▶ [RECORDS SHOWN]:
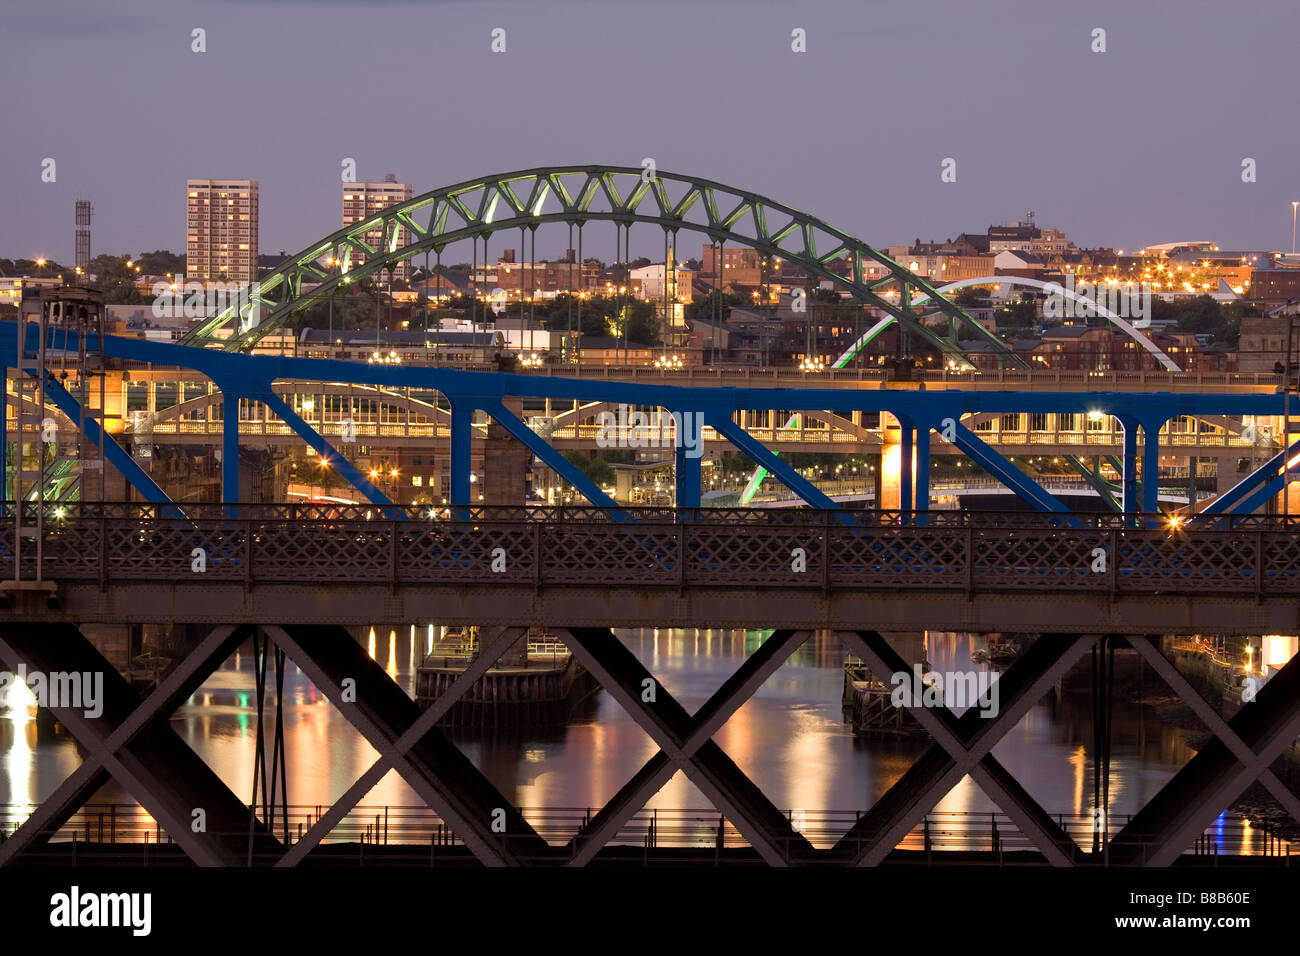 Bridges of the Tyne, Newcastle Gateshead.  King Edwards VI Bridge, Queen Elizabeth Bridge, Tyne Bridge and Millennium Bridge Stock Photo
==
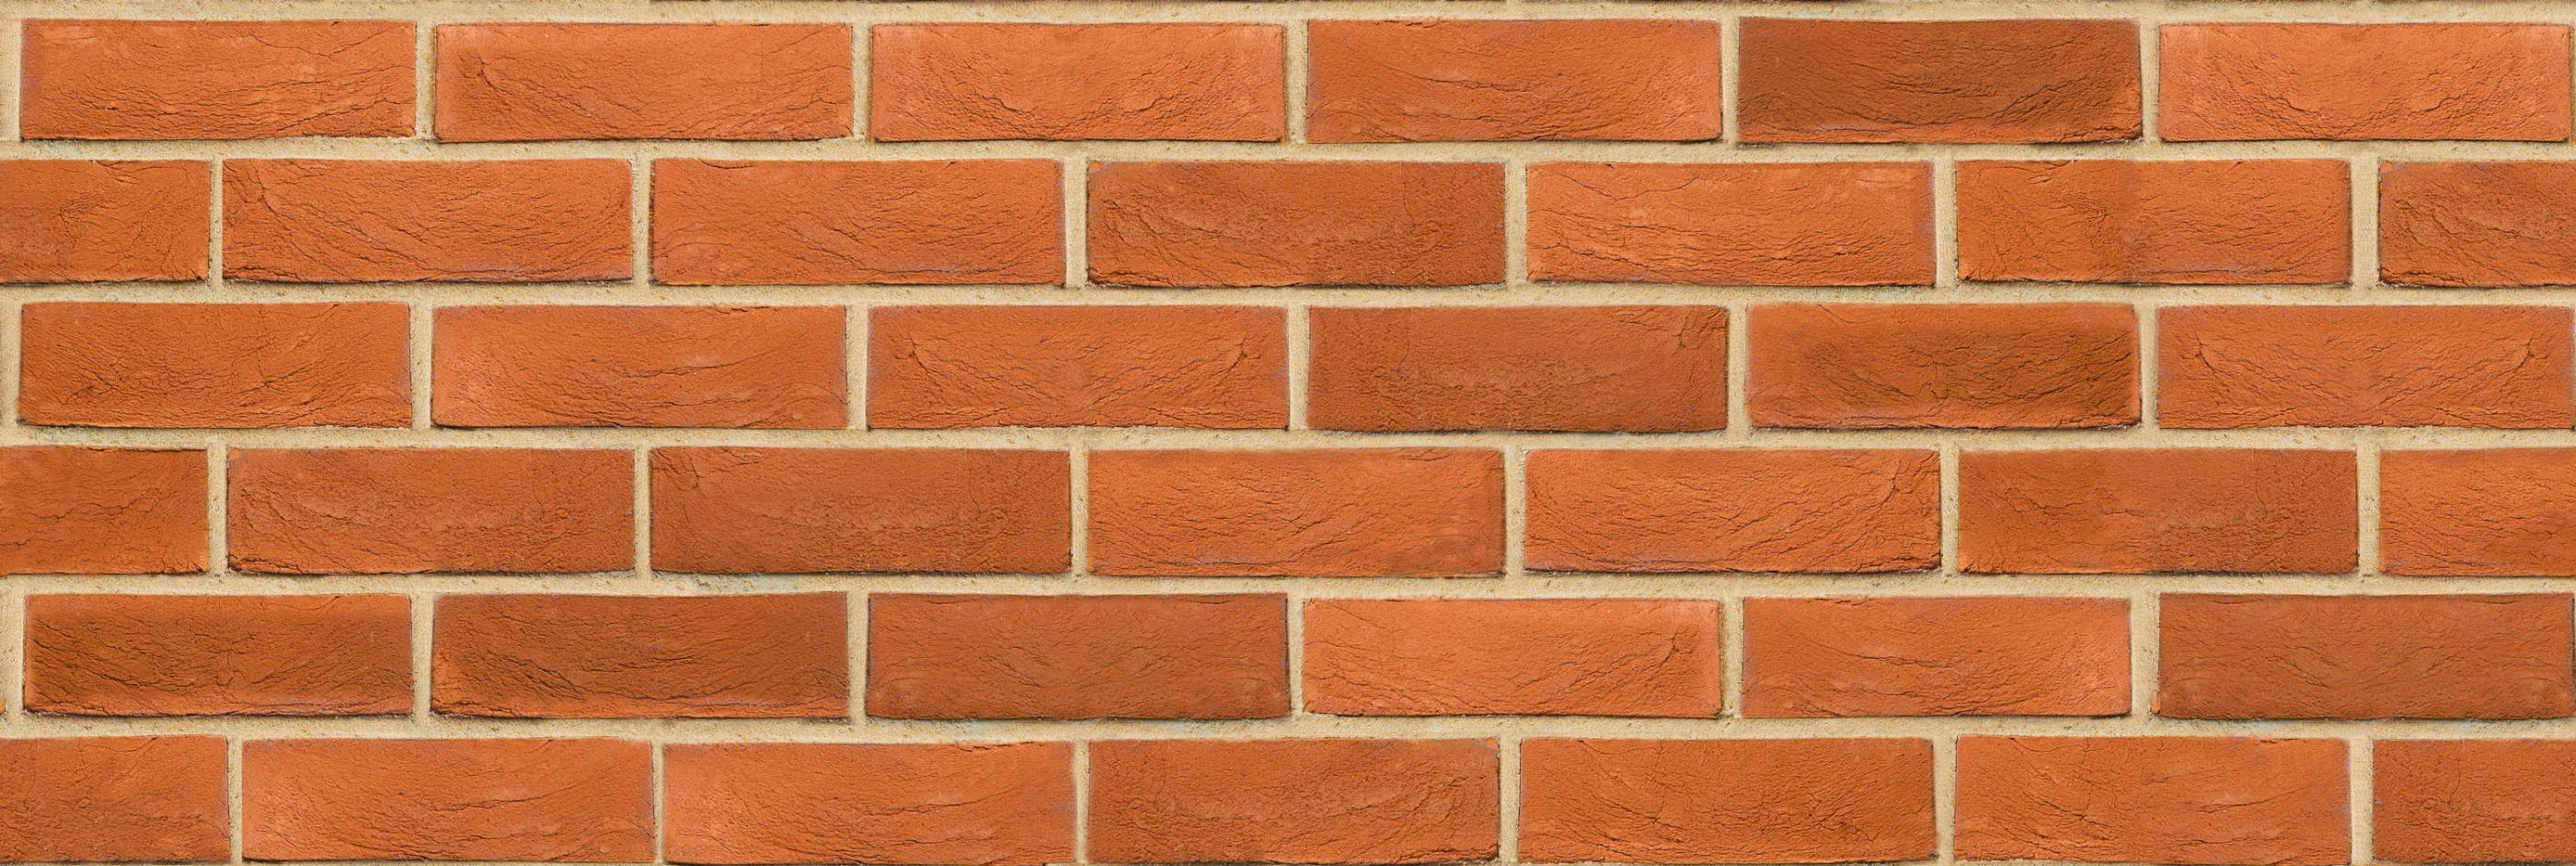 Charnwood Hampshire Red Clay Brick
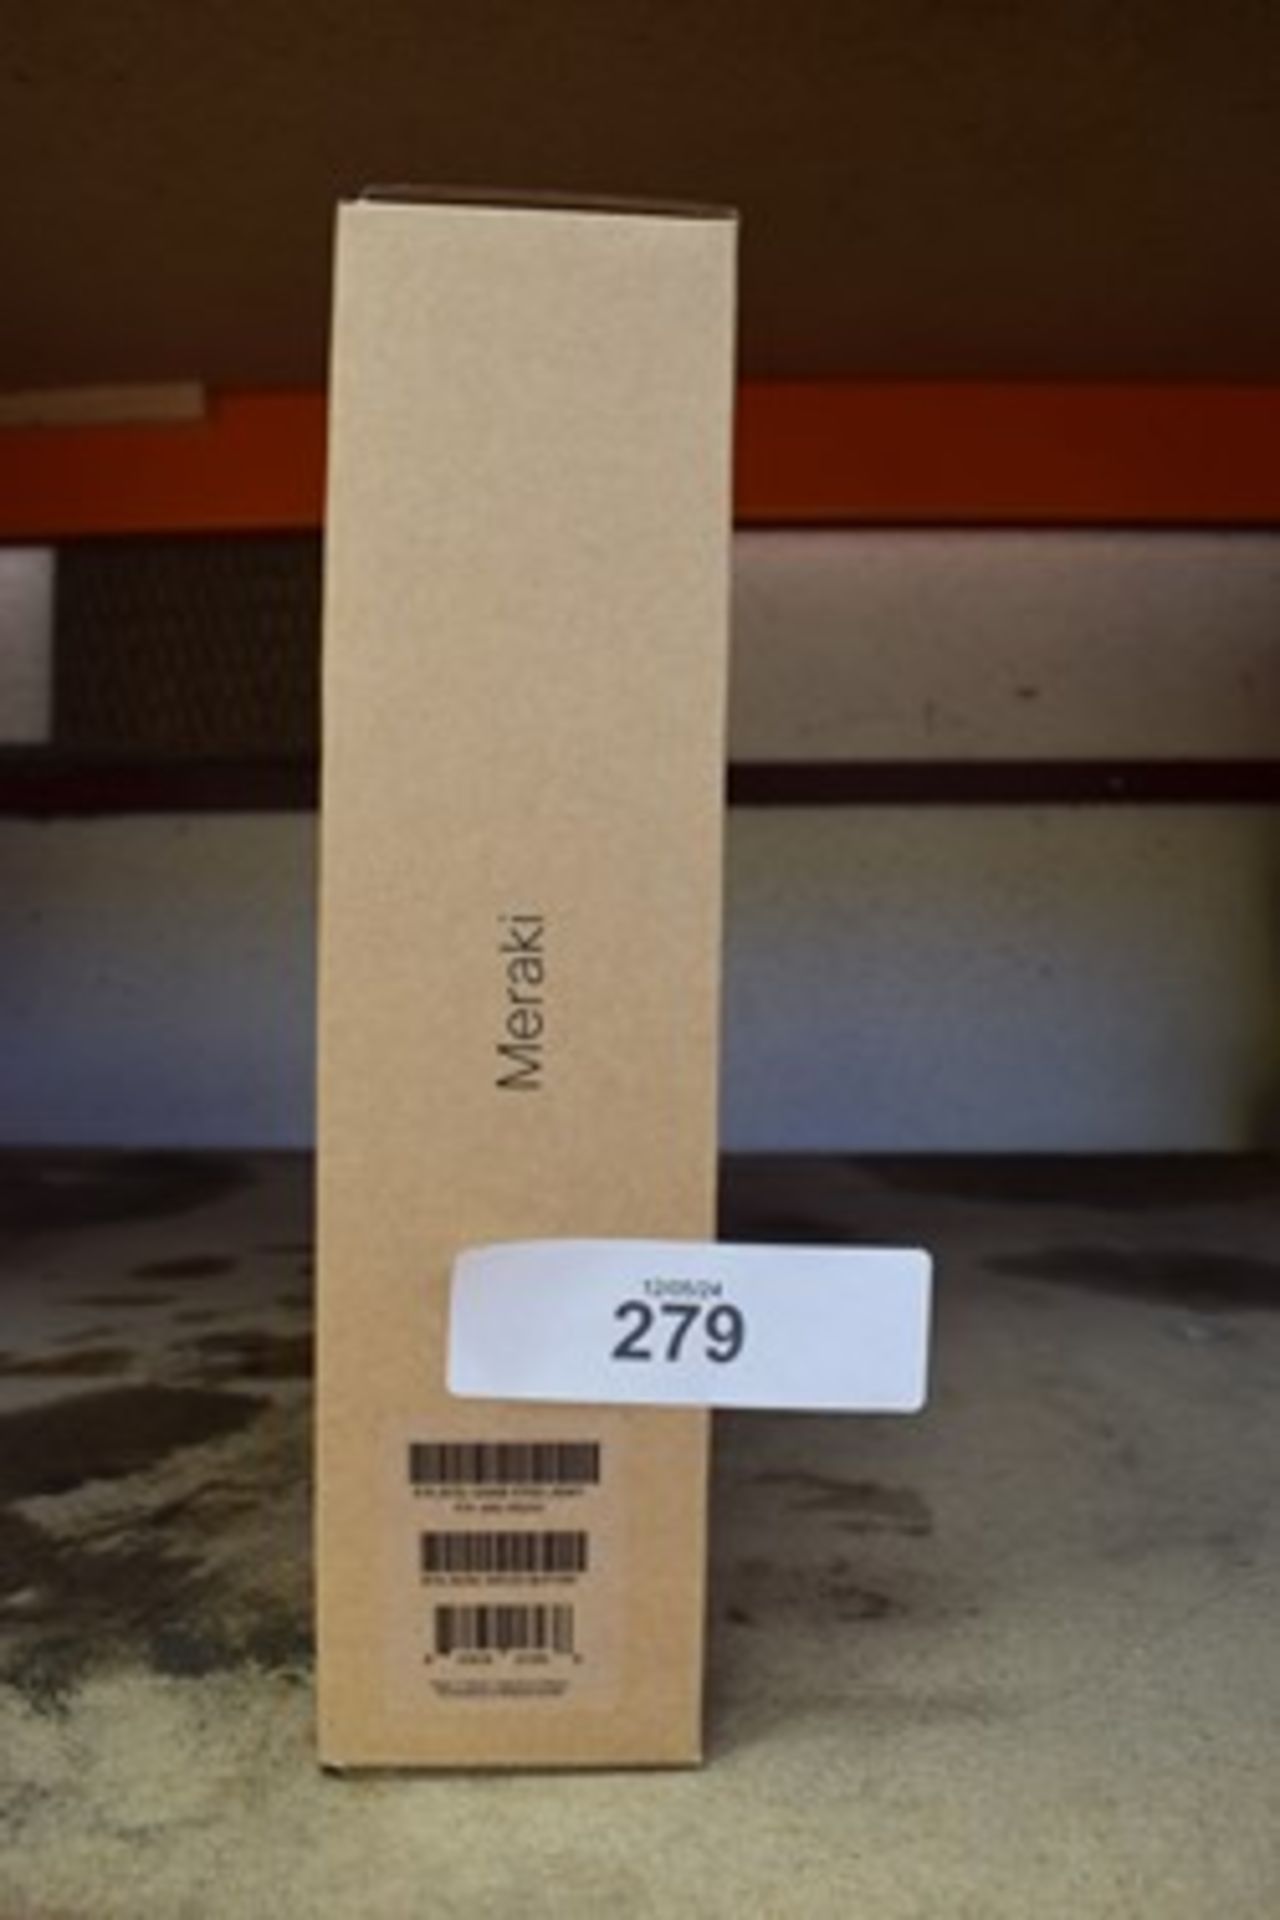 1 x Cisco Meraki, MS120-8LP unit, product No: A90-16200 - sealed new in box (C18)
* * *
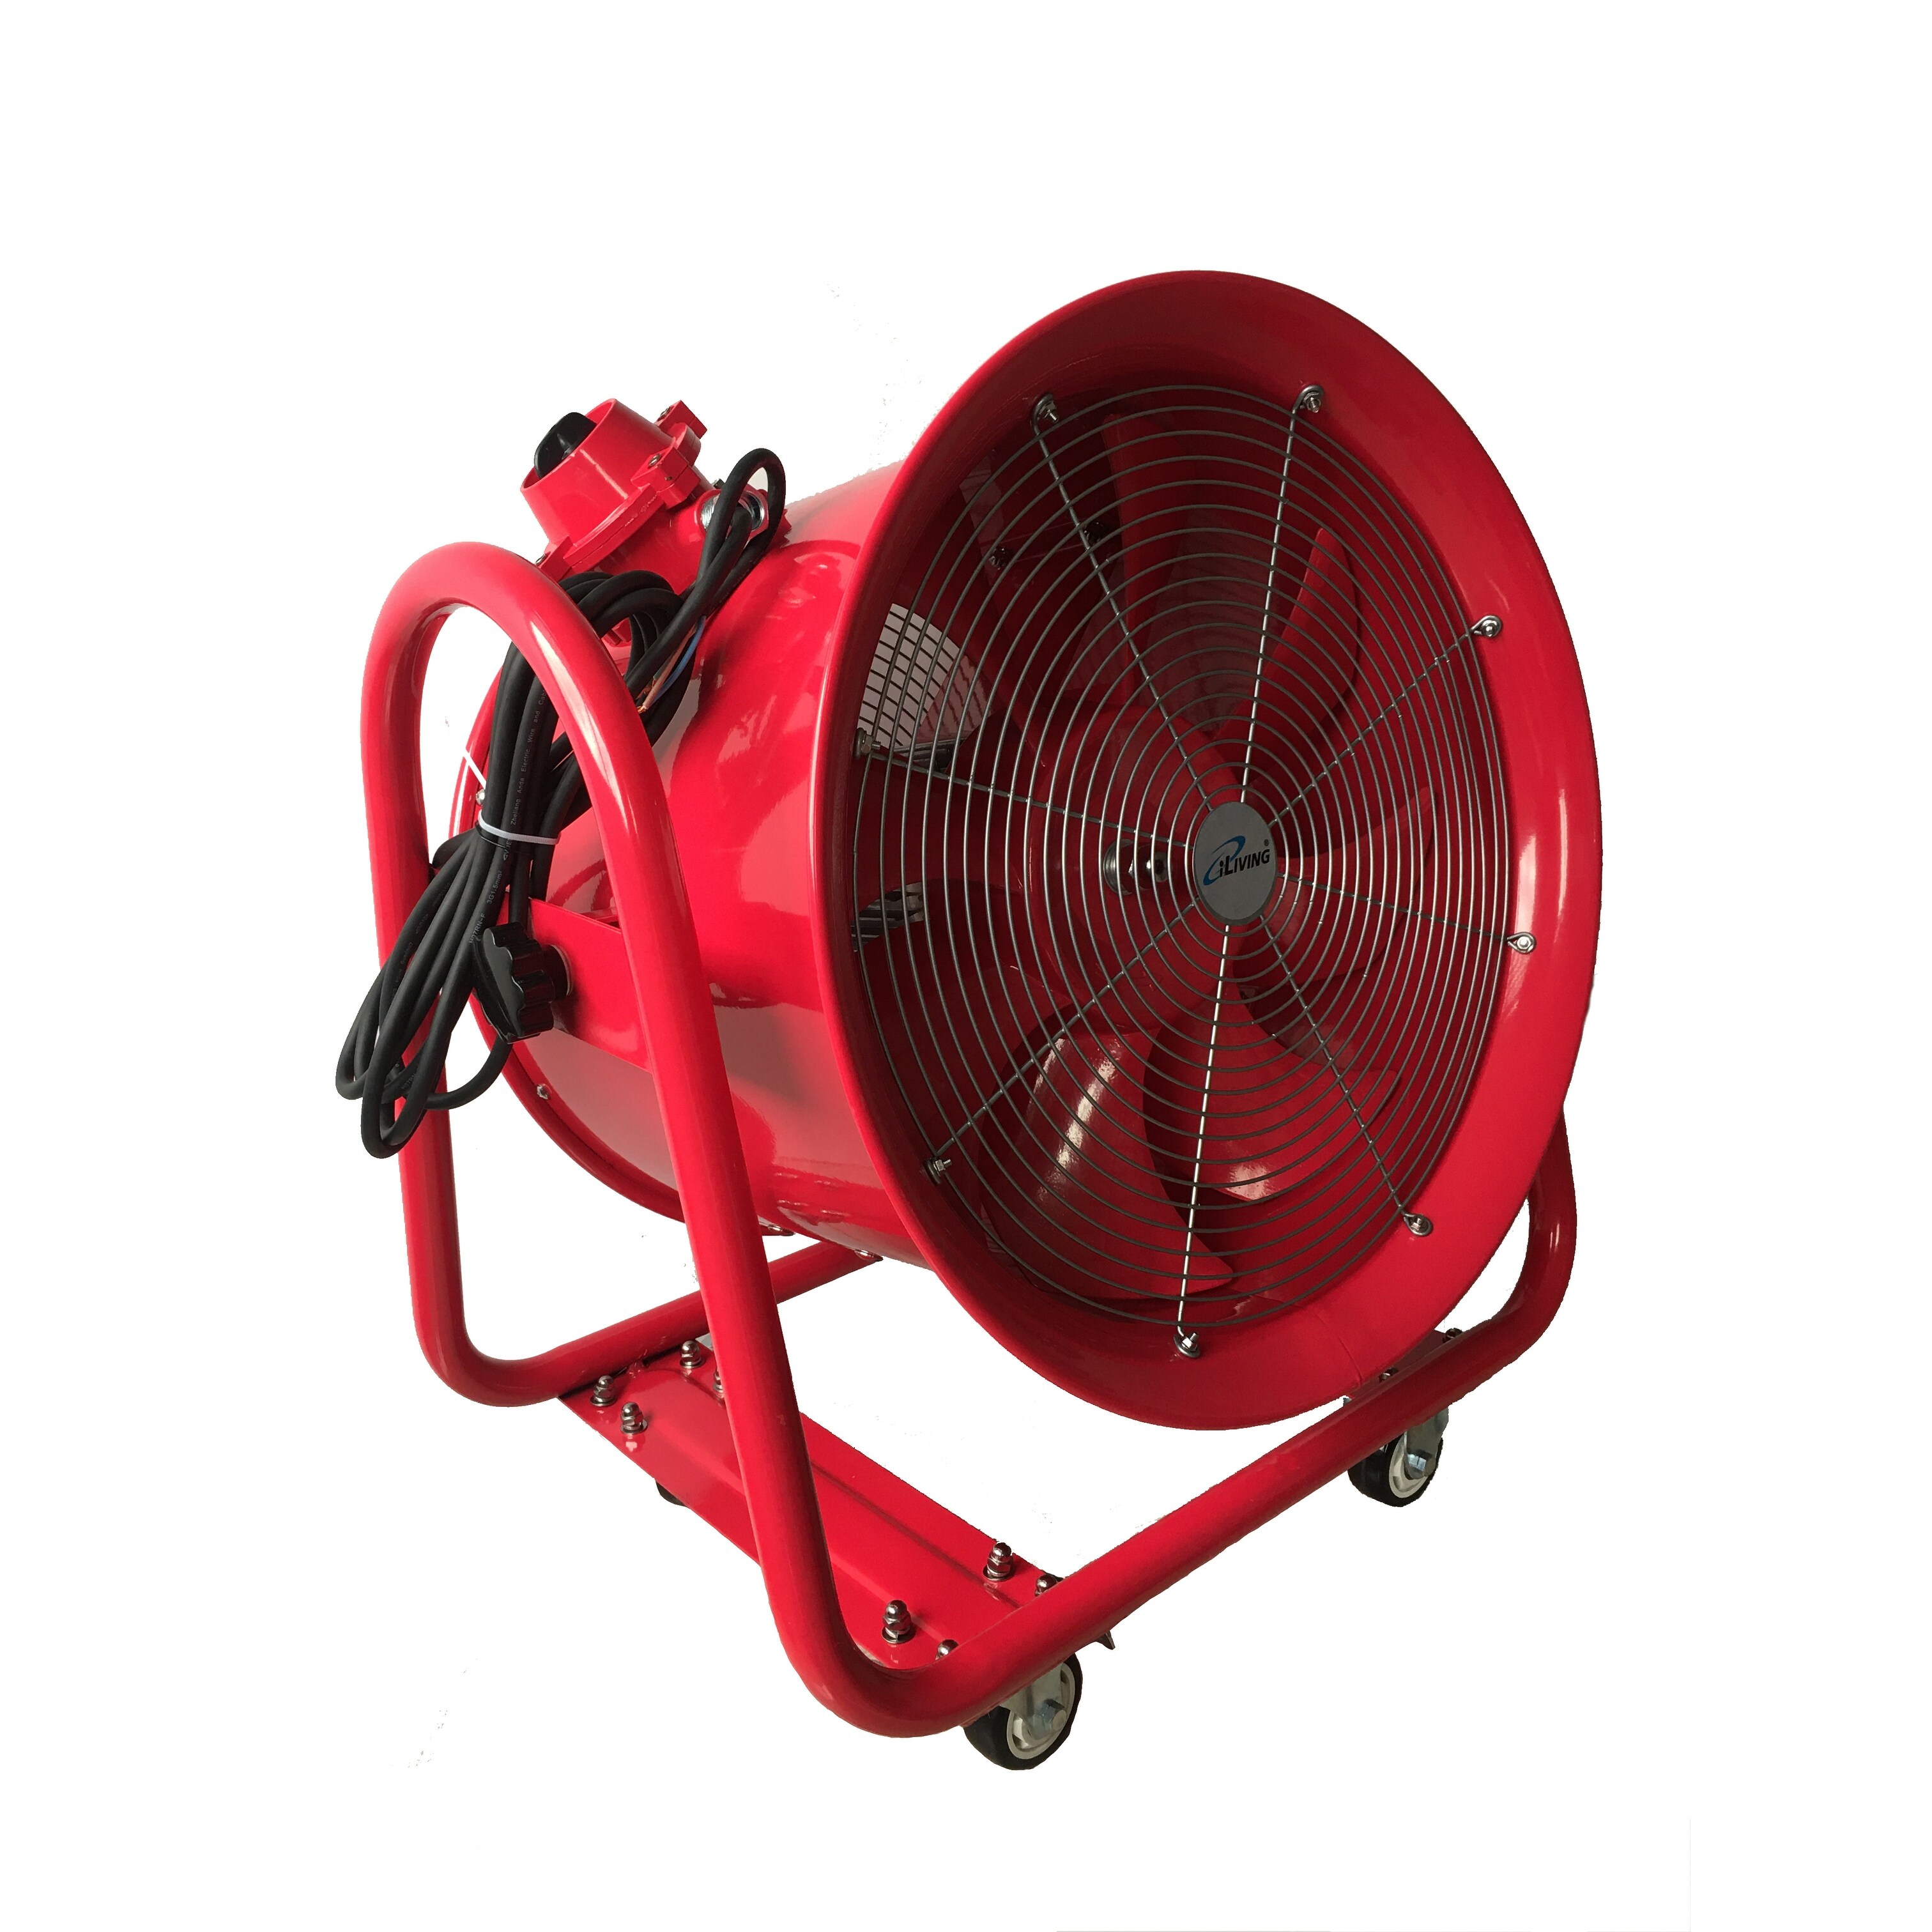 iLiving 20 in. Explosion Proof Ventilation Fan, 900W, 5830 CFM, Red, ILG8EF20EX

▶ [WHAT THIS TASK INVOLVES]:
Copy the lines above between the one holding "Charnwood Hampshire Red Clay Brick" and the one holding "1 x Cisco Meraki, MS120-8LP", inclusive. Drop the pictures.

▶ [THE ANSWER]:
 Charnwood Hampshire Red Clay Brick
 1 x Cisco Meraki, MS120-8LP unit, product No: A90-16200 - sealed new in box (C18)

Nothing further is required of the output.